HomeFreeBSD

Initialize metaslab range trees in metaslab_init

Description

Initialize metaslab range trees in metaslab_init

Motivation

We've noticed several zloop crashes within Delphix generated
due to the following sequence of events:

  • A device gets expanded and new metaslabas are allocated for it. These metaslabs go through metaslab_init() but haven't gone through metaslab_sync_done() yet. This meas that the only range tree that's actually set is the ms_allocatable. All the others are NULL.
  • A vdev_initialization is issues and vdev_initialize_thread starts processing one of these new metaslabs of the expanded vdev.
  • As part of vdev_initialize_calculate_progress() we call into metaslab_load() and metaslab_load_impl() which in turn tries to dereference the metaslabs trees that are still NULL and therefore we crash.

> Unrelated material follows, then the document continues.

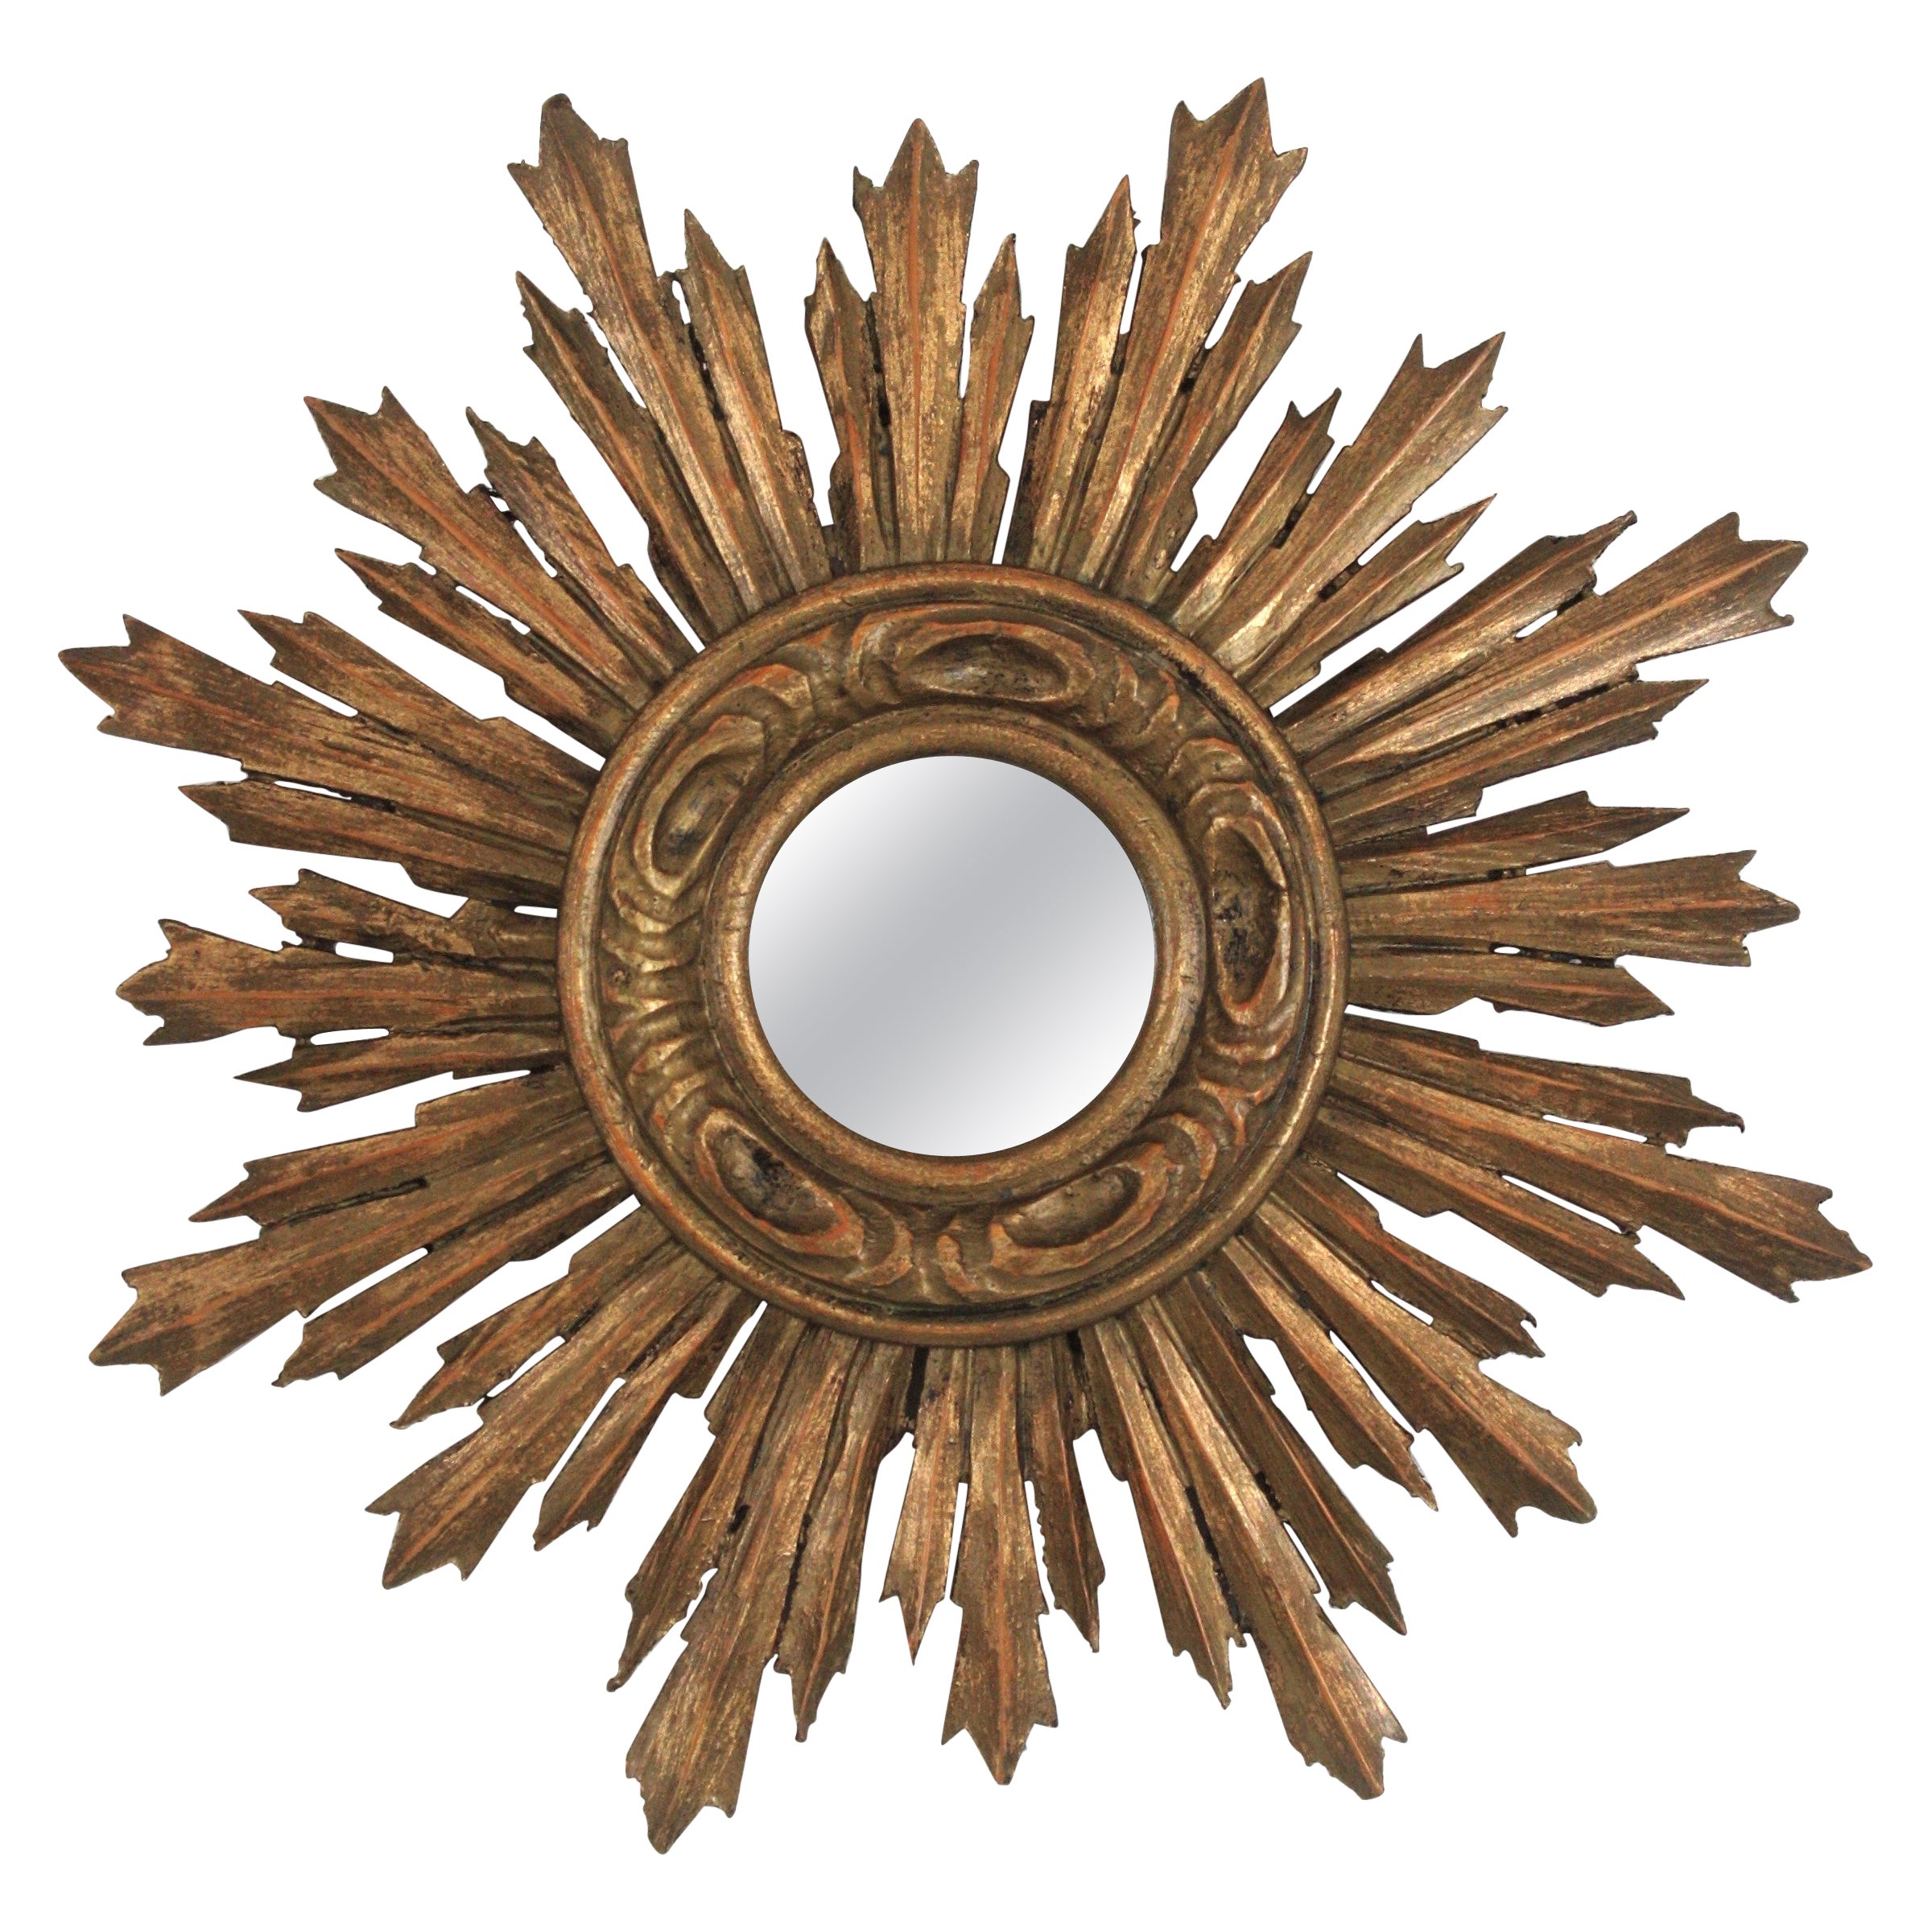 Sonnenschliff-Giltwood-Spiegel in kleinem Maßstab, Spanischer Barock 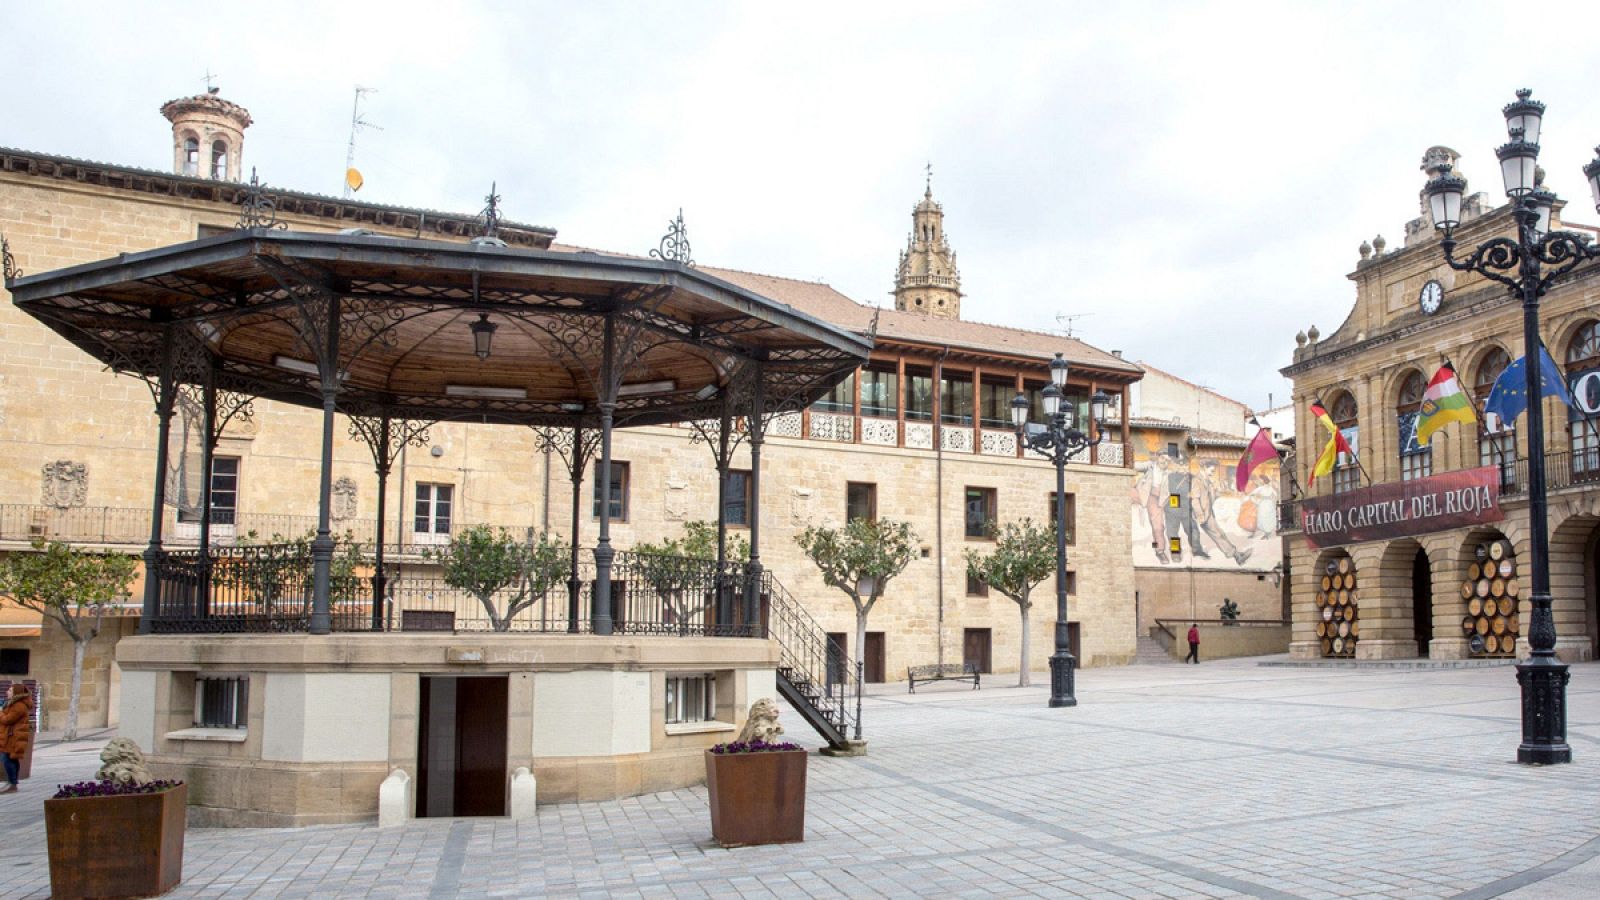   Vista del Ayuntamiento de la ciudad riojana de Haro (La Rioja), donde se concentra una gran parte de los casos riojanos de COVID-19.

The same failure can come up from the vdev_trim code paths.

This Patch

We considered the following solutions to deal with this issue:

  • Add logic to vdev_initialize/trim to skip those new metaslabs. We decided against this as it would be good to avoid exposing this lower-level detail to higer-level operations.
  • Have metaslab_load_impl() return early for new metaslabs and thus never touch those range_trees that are NULL at that time. This seemed more of a work-around for the bug and not a clear-cut solution.
  • Refactor our logic so all metaslabs have their range_trees created at the time of their creatin in metaslab_init().

In this patch we decided to go with [C] because:

(1) It doesn't expose more metaslab details to higher level

    operations such as vdev initialize and trim.

(2) The current behavior of creating the range trees lazily

    in `metaslab_sync_done()` is unnecessarily complicated.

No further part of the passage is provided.